Arteriovenous fistula; A-V fistula; A-V graft; Tunneled catheter

You have a vascular access for hemodialysis. Taking good care of your access helps make it last longer.

Follow your health care provider's instructions on how to care for your access at home. Use the information below as a reminder.

What Is a Vascular Access?

A vascular access is an opening made in your skin and blood vessel during a short operation. When you have dialysis, your blood flows out of the access into the hemodialysis machine. After your blood is filtered in the machine, it flows back through the access into your body.

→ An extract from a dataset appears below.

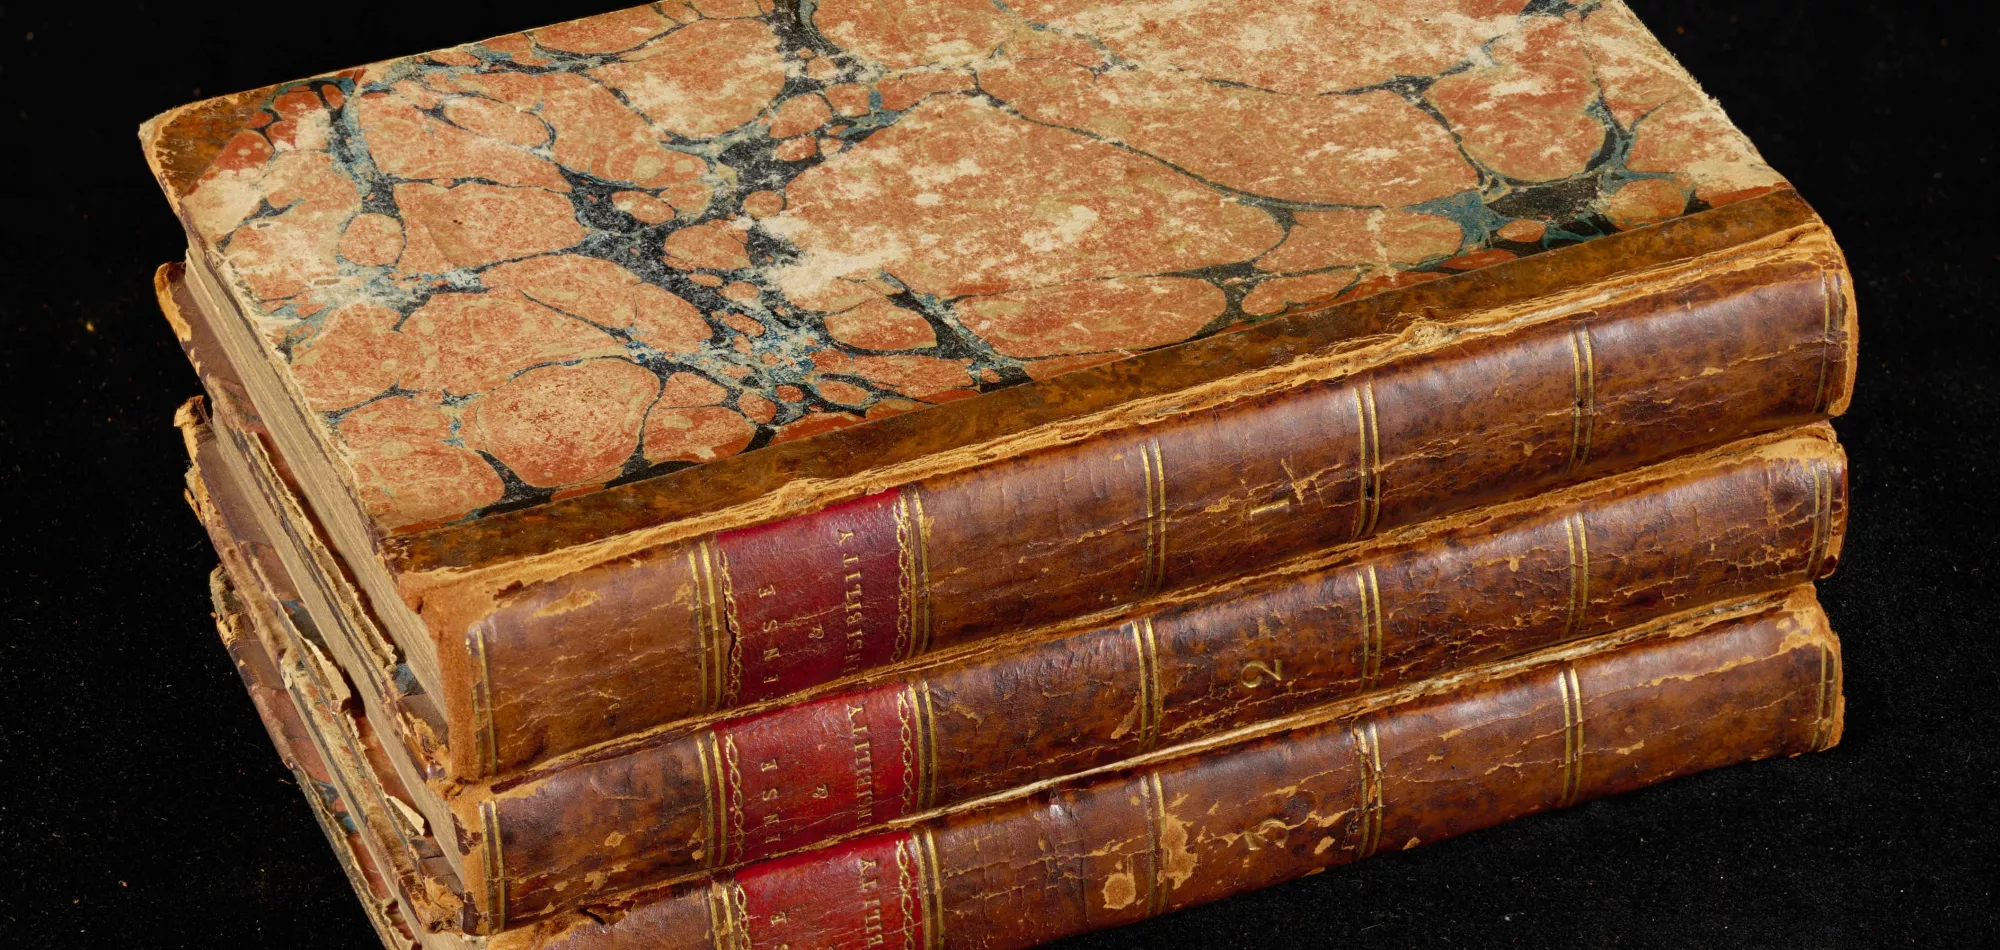 Binding of Jane Austen first editions

Know What Type of Vascular Access You Have

There are 3 main types of vascular accesses for hemodialysis. These are described as follows.

Fistula: An artery in your forearm or upper arm is sewn to a vein nearby.

  • This allows needles to be inserted into the vein for dialysis treatment.
  • A fistula takes from 4 to 6 weeks to heal and mature before it is ready to use.

Graft: An artery and a vein in your arm are joined by a U-shaped plastic tube under the skin.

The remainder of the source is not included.